Solar-responsive sole TiO2 nanotube arrays with high photocatalytic activity prepared by one-step anodic oxidation

Abstract

We prepared sole TiO2 nanotube arrays (NAs) using one-step and two-step anodic oxidation followed by annealing. These TiO2 NAs were characterized by X-ray diffraction (XRD), Raman spectrum, scanning electron microscopy (SEM), X-ray photoelectron spectroscopy (XPS), UV-Vis absorption spectrum, photoluminescence spectrum (PL), and contact angle measurement. The XRD and Raman spectra results suggest only anatase TiO2 phase formed after anodic oxidation followed by annealing. The XPS spectra showed that the surface electron density change in the TiO2 NAs prepared by one-step anodic oxidation compared to those prepared by two-step one. Therefore, the former could absorb visible light more intensely. The PL and photocurrent measurement proved that the recombination rate of electron-hole pairs was suppressed in the sample prepared by two-step anodic oxidation followed by annealing as the degree of crystallinity increased and crystal defects decreased compared with the sample prepared by one-step anodic oxidation followed by annealing.
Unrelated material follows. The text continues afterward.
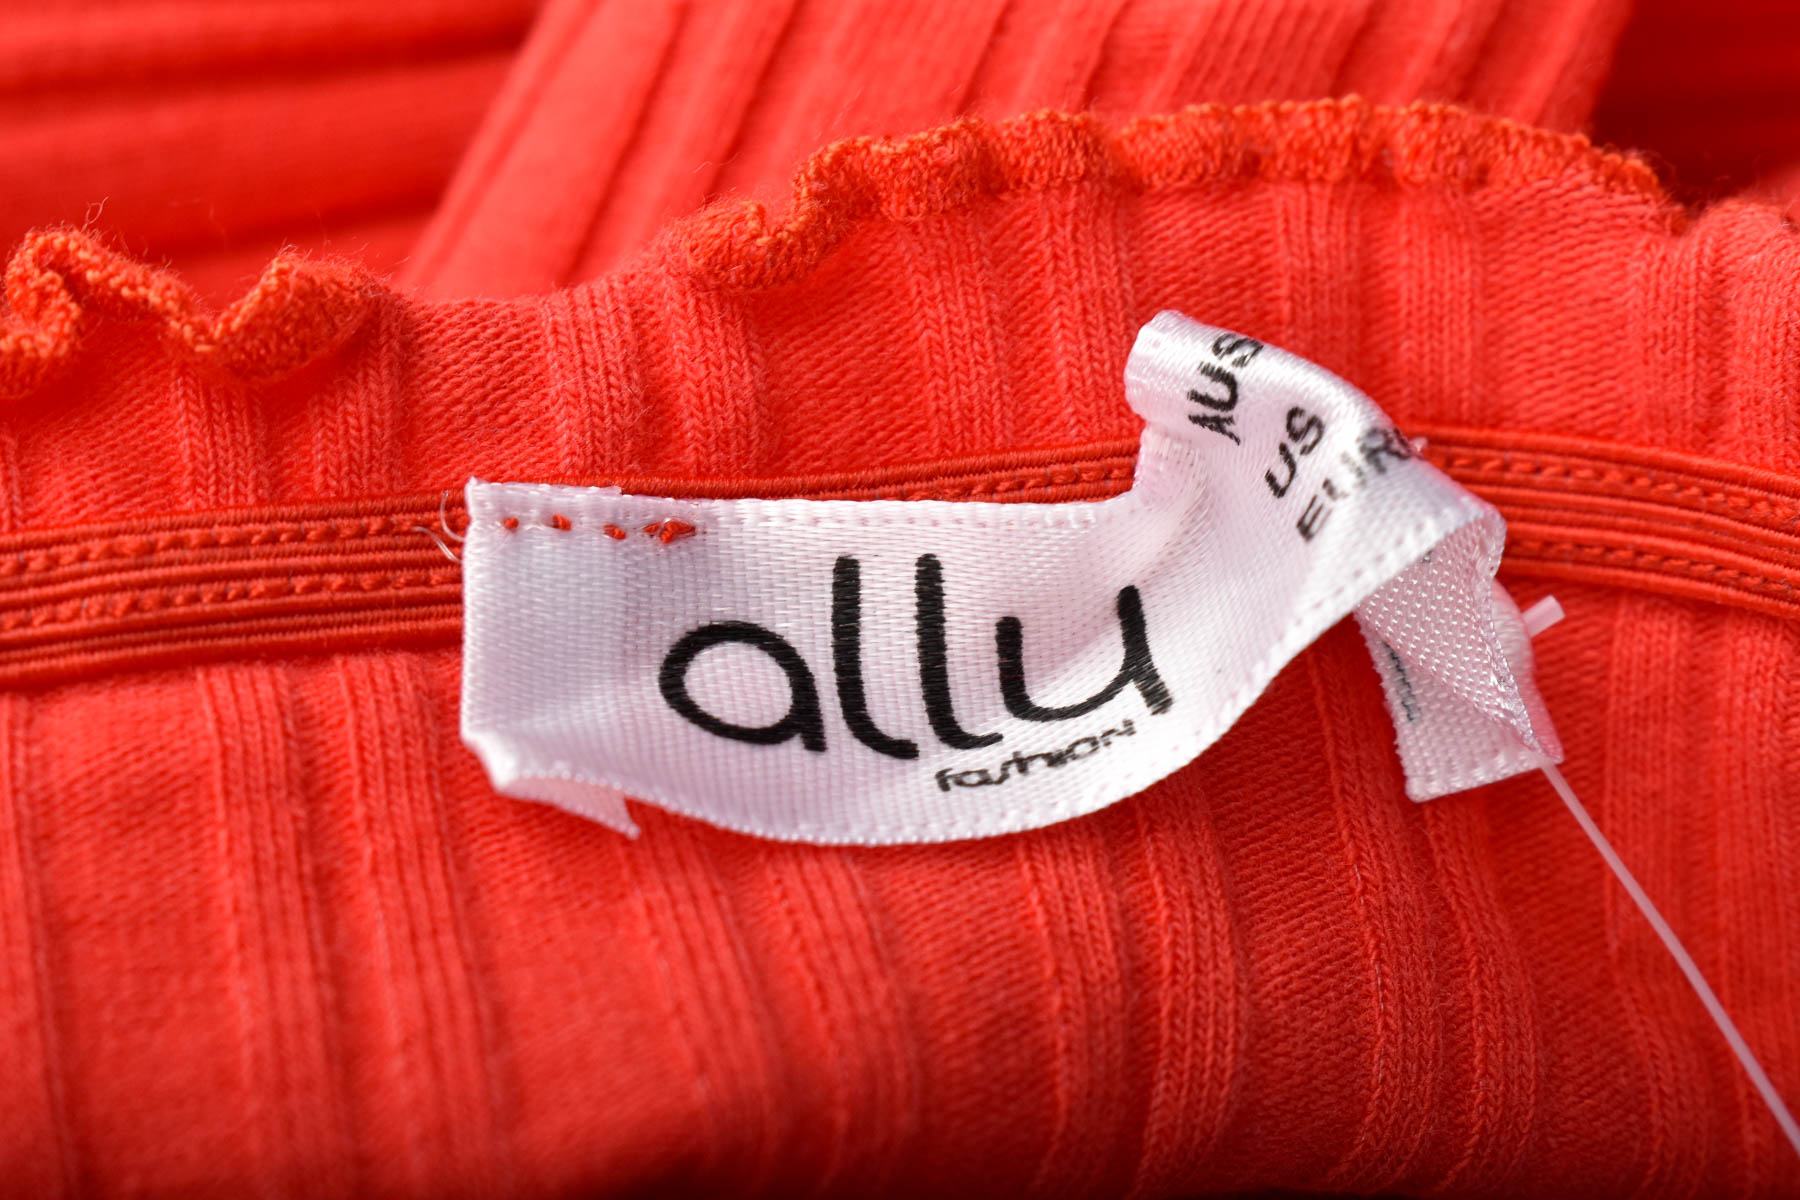 Bluza de damă - Ally fashion - 2
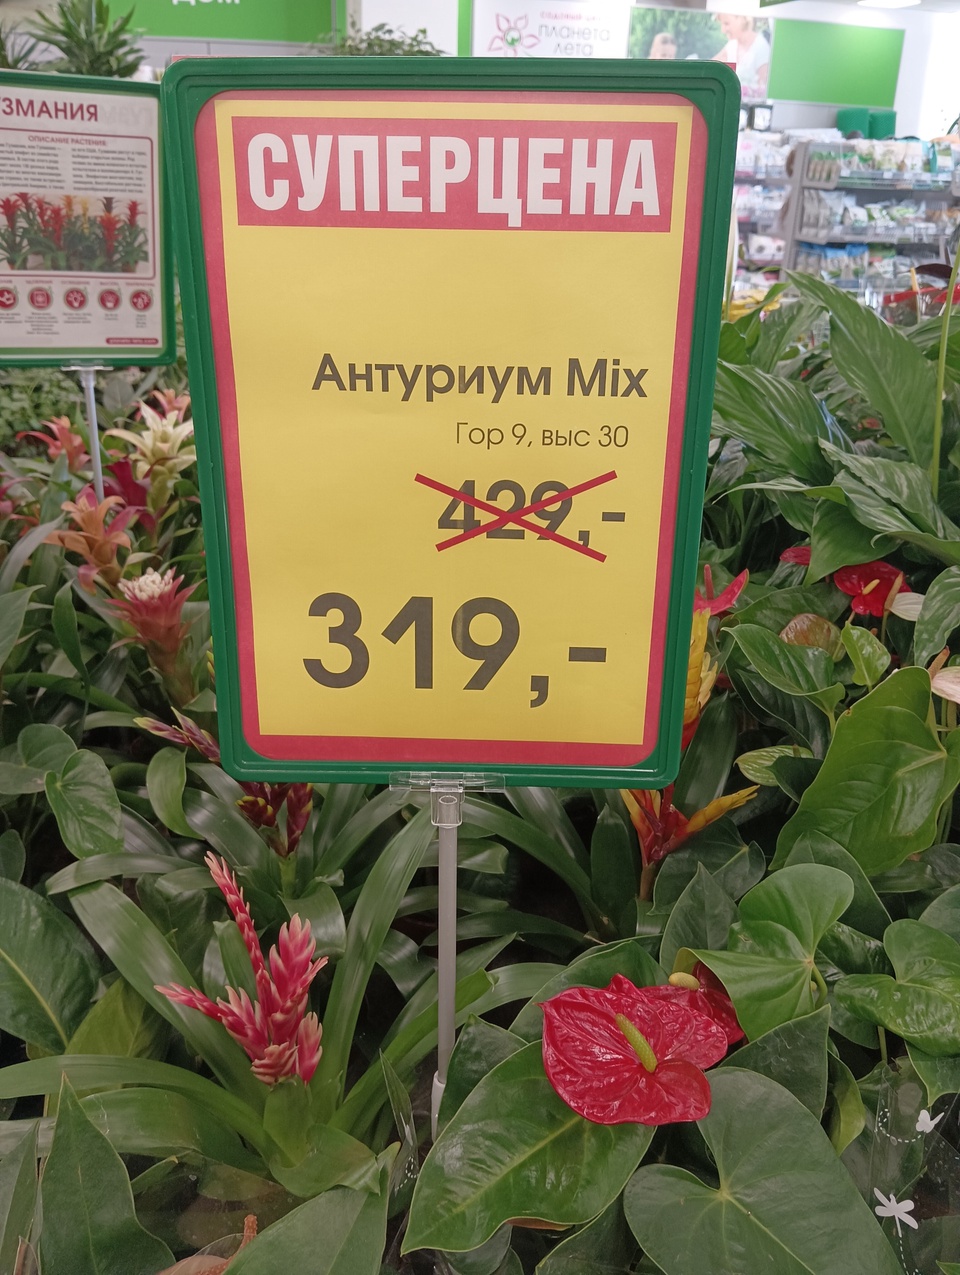 Антуриум mix — Садовый центр Планета Лета, Пятигорск

However, the latter possessed better wettability to water and oil and thereby more active sites. The combined action made the sole TiO2 NAs prepared by one-step anodic oxidation exhibited rather similar high photocatalytic activity in RhB degradation under the irradiation of simulated solar light to those prepared by two-step one. Therefore, solar-responsive sole TiO2 NAs with high photocatalytic activity were possible to be prepared.